CloudTrail publica arquivos de log no seu bucket do S3 em um arquivo gzip. No bucket do S3, o arquivo de log tem um nome formatado que inclui os seguintes elementos:

  • O nome do bucket que você especificou ao criar a trilha (encontrado na página Trilhas do CloudTrail console)

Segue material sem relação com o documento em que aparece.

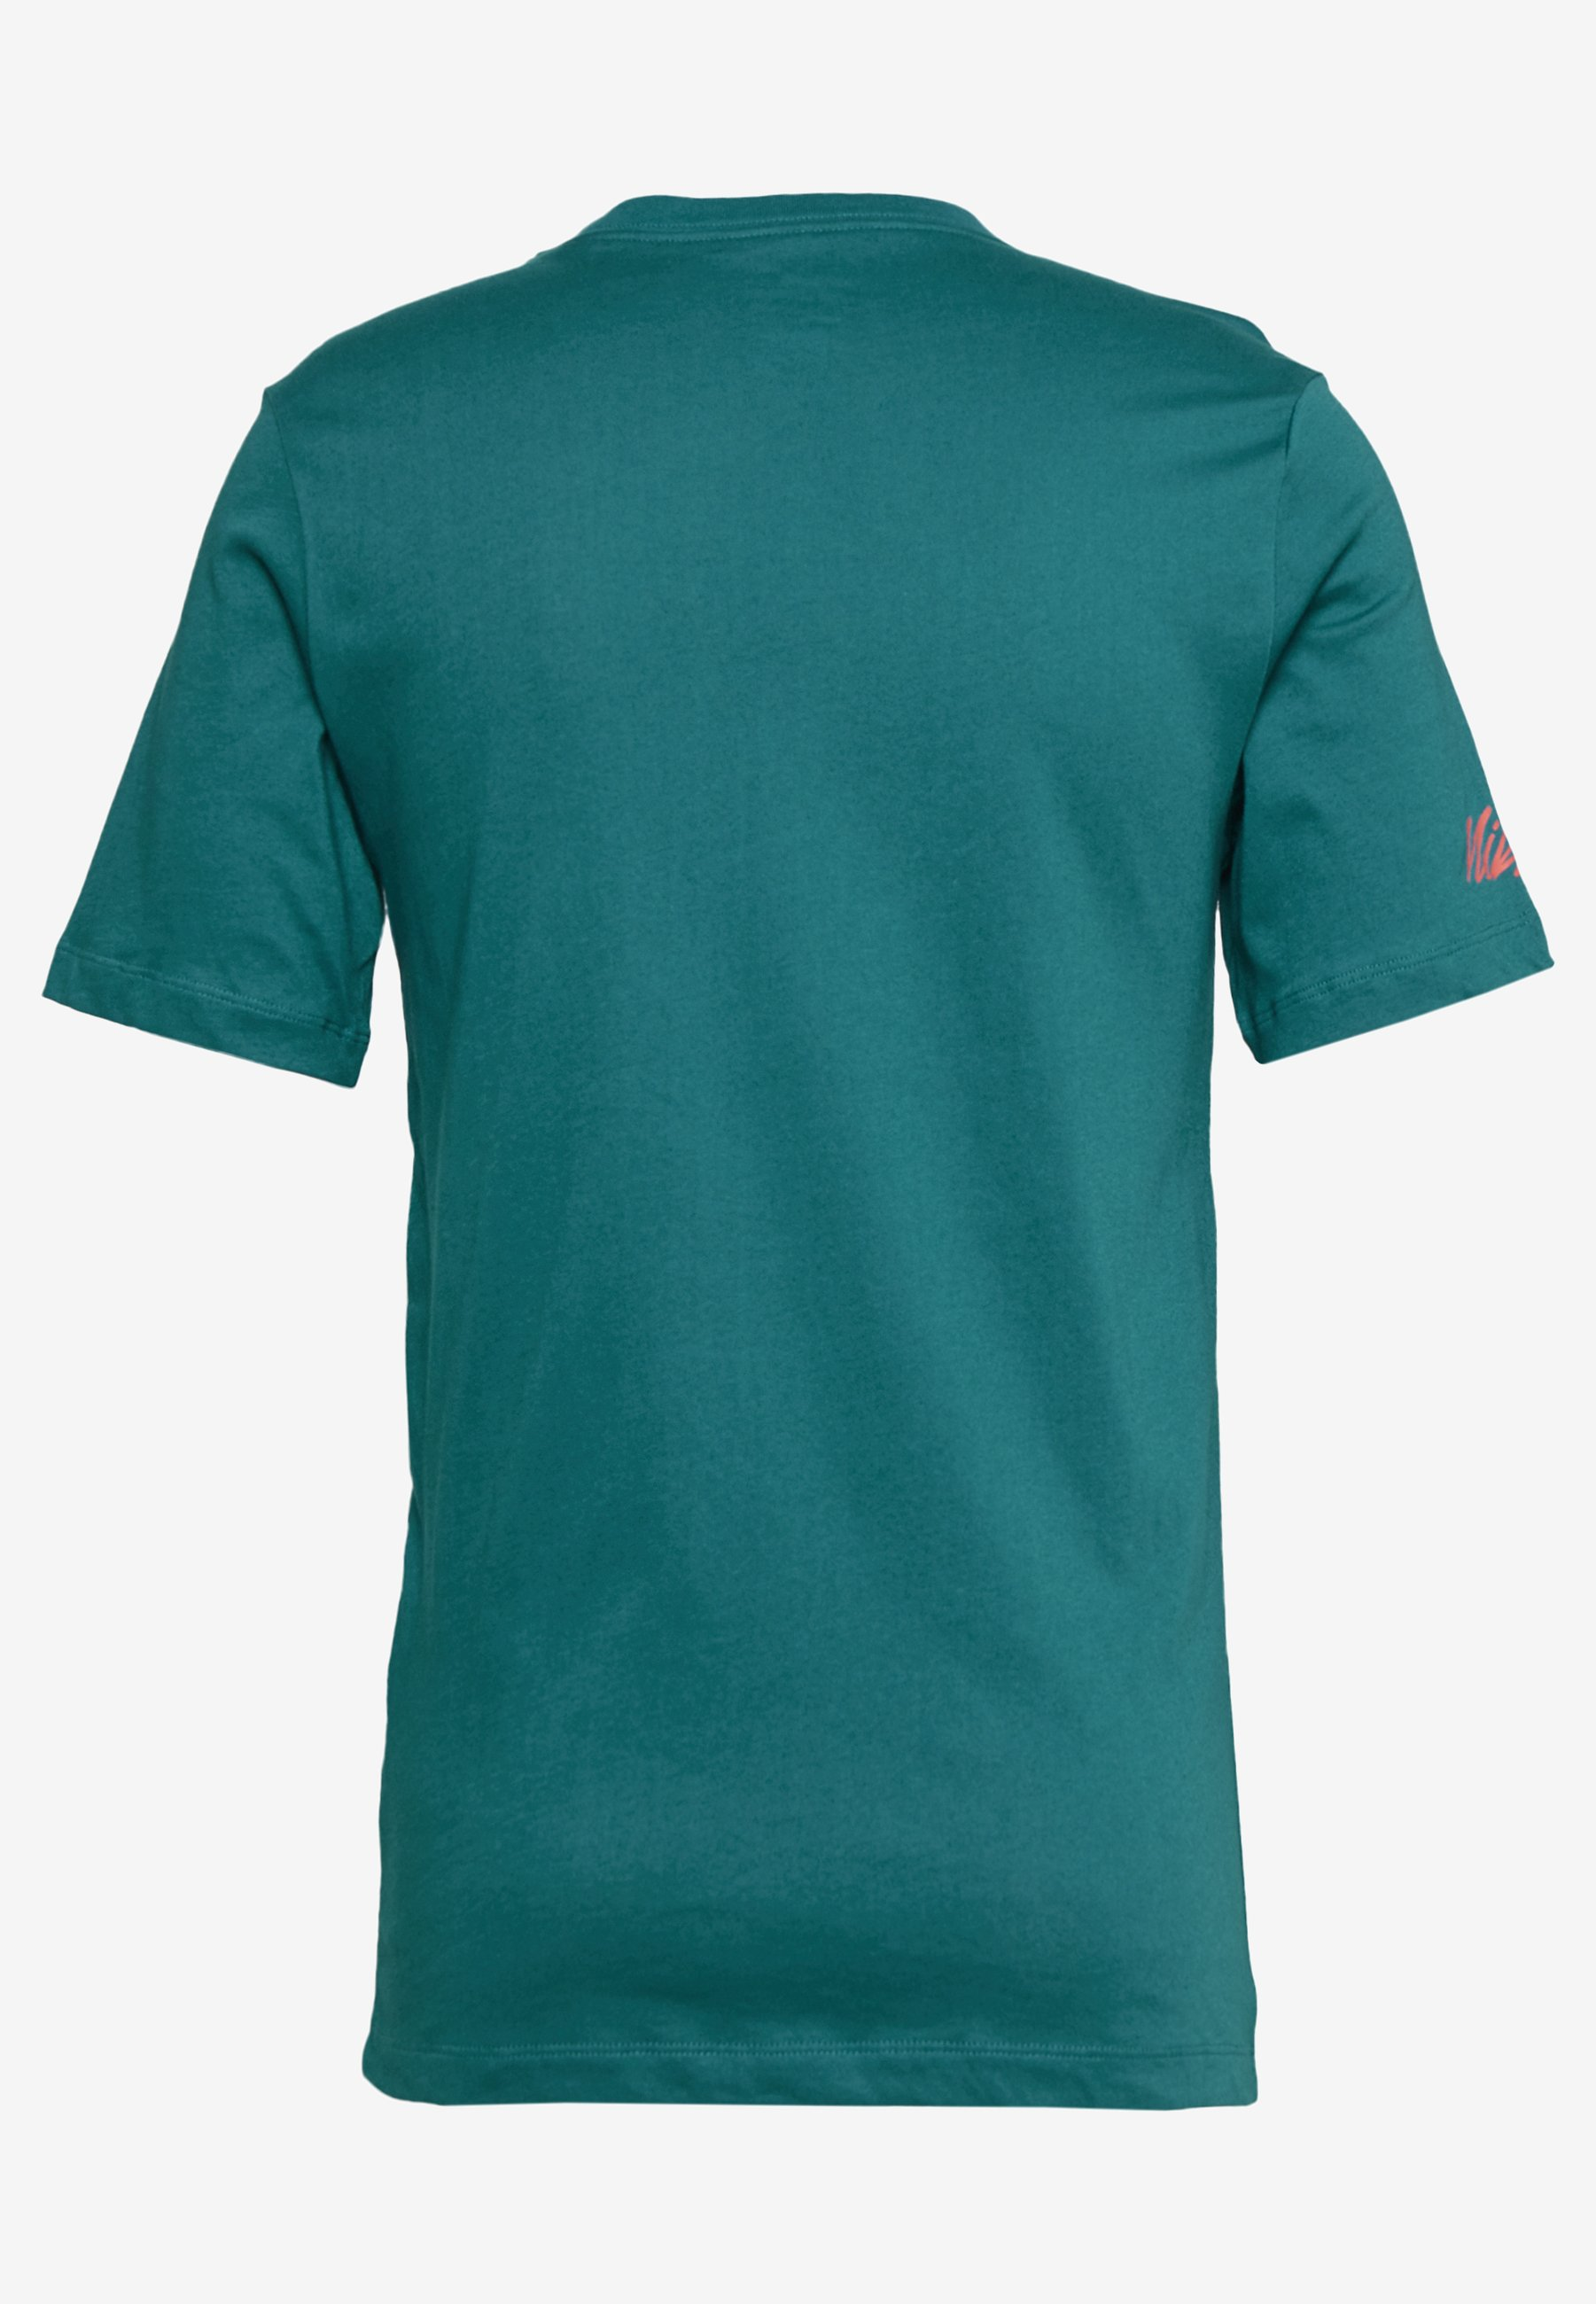 TEE PROJECT T shirt imprimé bright spruce

  • O prefixo (opcional) que você especificou quando criou sua trilha

  • A string "AWSLogs”

  • O número da conta

  • A string "CloudTrail”

  • Um identificador de região, como us-west-1

  • O ano em que o arquivo de log foi publicado no formato YYYY

  • O mês em que o arquivo de log foi publicado no formato MM

  • O dia em que o arquivo de log foi publicado no formato DD

  • Uma string alfanumérica que distingue o arquivo dos demais que cobrem o mesmo período

O exemplo a seguir mostra o nome completo de um objeto do arquivo de log:

bucket_name/prefix_name/AWSLogs/Account ID/CloudTrail/region/YYYY/MM/DD/file_name.json.gz
nota

Para trilhas organizacionais, o nome do objeto do arquivo de log no bucket do S3 inclui o ID da unidade organizacional no caminho, da seguinte forma:

bucket_name/prefix_name/AWSLogs/O-ID/Account ID/CloudTrail/Region/YYYY/MM/DD/file_name.json.gz

Para recuperar um arquivo de log, é possível usar o console do Amazon S3, a interface de linha de comando (CLI) ou a API do Amazon S3.

Para localizar seus arquivos de log com o console do Amazon S3

  1. Abra o console Amazon S3.

  2. Escolha o bucket que você especificou.

  3. Navegue pela hierarquia de objetos até encontrar o arquivo de log desejado.

    Todos os arquivos de log têm uma extensão .gz.

Você navegará por uma hierarquia de objetos semelhante ao exemplo a seguir, mas com nome de bucket, ID da conta, região e data diferentes.


All Buckets
    Bucket_Name
        AWSLogs
            123456789012
                CloudTrail
                    us-west-1
                        2014
                            06
                                20

Um arquivo de log para a hierarquia de objetos anterior terá a seguinte aparência: 


123456789012_CloudTrail_us-west-1_20140620T1255ZHdkvFTXOA3Vnhbc.json.gz
nota

Você pode receber arquivos de log que contêm um ou mais eventos duplicados, embora isso seja incomum. Na maioria dos casos, eventos duplicados terão o mesmo eventID. Para obter mais informações sobre o campo eventID, consulte CloudTrail conteúdo do registro.